Im Fall des (auch durch eine Videoaufnahme belegten) Müllendorfer Tornados wurden mehrere
Häuser teilweise abgedeckt und große, gesunde Bäume entwurzelt; das erlaubt nach der Fujita‐Skala
eine vorläufige Einstufung der aufgetretenen Windspitzen in den Bereich von 150 bis 180 km/h.
Damit reiht sich dieses Ereignis in die zwei bis drei Tornados ähnlicher oder noch größerer Stärke ein,
die durchschnittlich pro Jahr in Österreich registriert werden.
        Der letzte noch stärkere Tornado zuvor zog am 26. Mai 2010 eine Spur der Verwüstung durch
Klosterneuburg (Niederösterreich).
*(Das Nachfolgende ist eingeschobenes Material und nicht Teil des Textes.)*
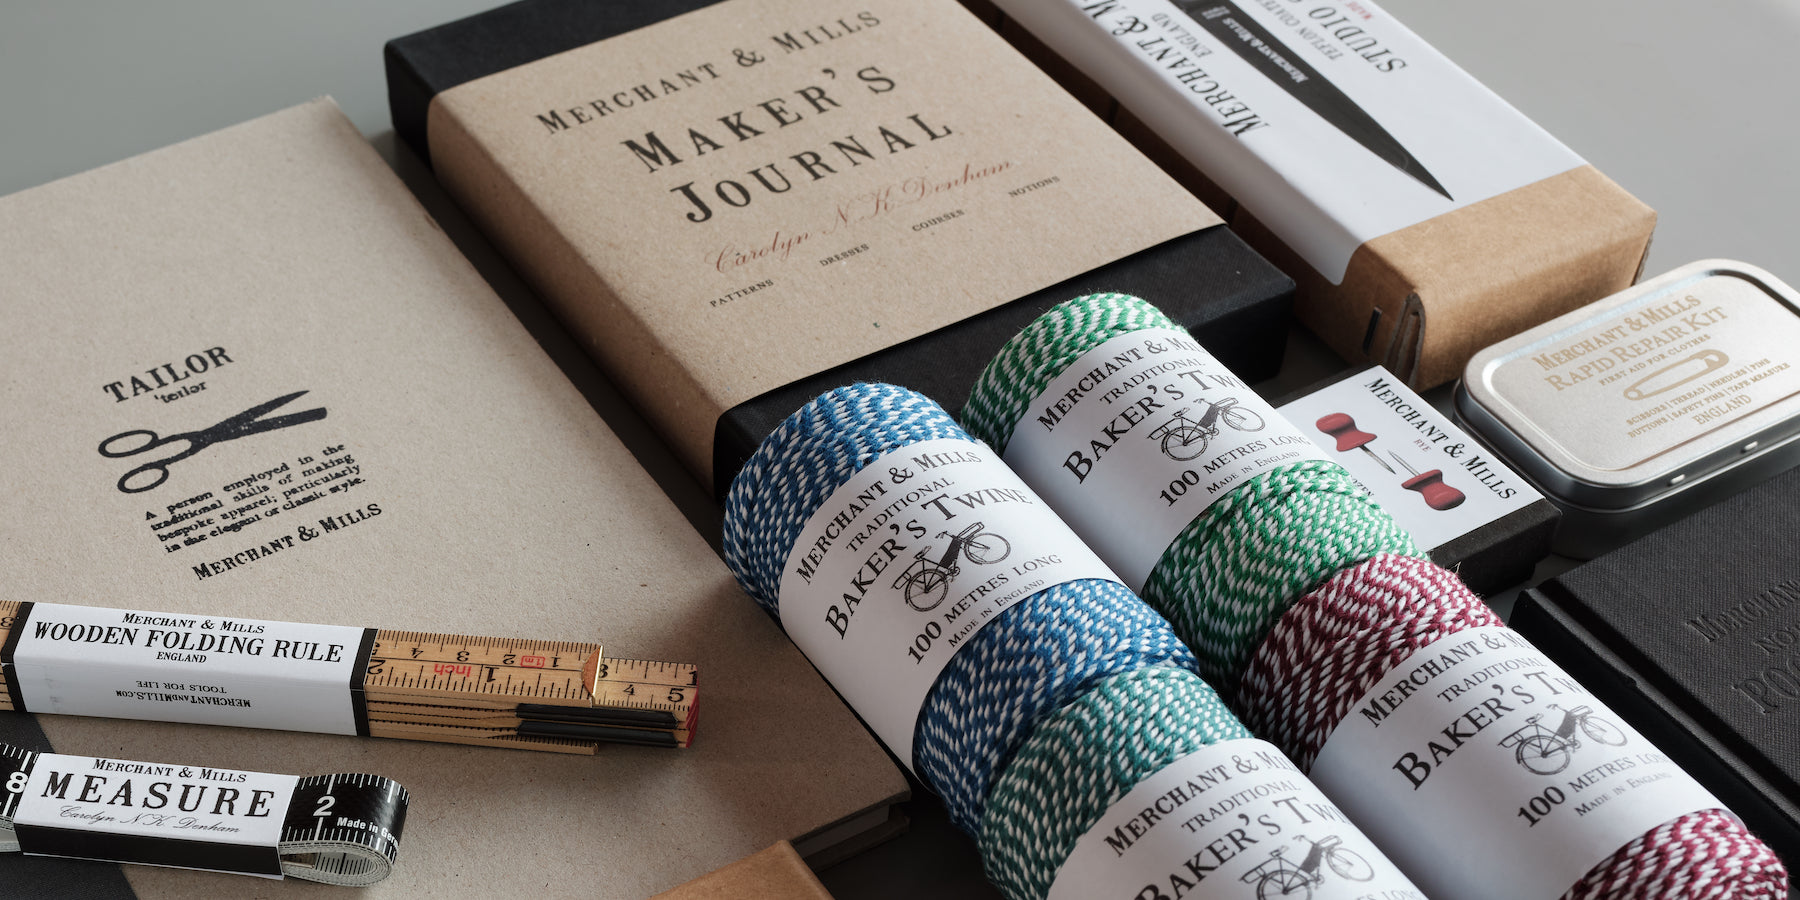 The Sewing Book by Merchant & Mills

Der stärkste geschichtlich bekannte Tornado in Österreich brach
am 10. Juli 1916 über Wiener Neustadt (Niederösterreich) herein und forderte 32 Todesopfer und
mehr als 300 Verletzte; die damals aufgetretenen Windspitzen wurden auf Werte zwischen 300 und
340 km/h geschätzt. Wien selbst wurde zuletzt am 13. Mai 2003 von zwei Tornados heimgesucht,
von denen einer in Kaisermühlen ähnliche Schäden anrichtete wie diesmal in Müllendorf und 4
Personen verletzte.
        Insgesamt kann man in Österreich im Mittel von knapp 10 Tornados pro Jahr ausgehen. In
den Alpenvorländern sind sie wahrscheinlicher als im zentralen Alpenbereich. Die größte Gefährdung
mit durchschnittlich mehr als einem Fall pro 10.000 km2 und Jahr ergibt sich entlang des südöstlichen
und östlichen Alpenrandes, etwa vom Grazer Becken über das oststeirische Hügelland und das
Wiener Becken bis in den Großraum Wien und Krems.

So extrem die Windspitzen in Tornados und so furchteinflößend deren Auswirkungen auch sein
mögen, muss trotzdem nochmals betont werden, dass es sich dabei um seltene, sehr kleinräumige
und kurzlebige Ereignisse handelt. Daraus folgt einerseits, dass sie nur sehr schwierig und, wenn
überhaupt, nur mit minimaler Vorwarnzeit vorhersagbar sind.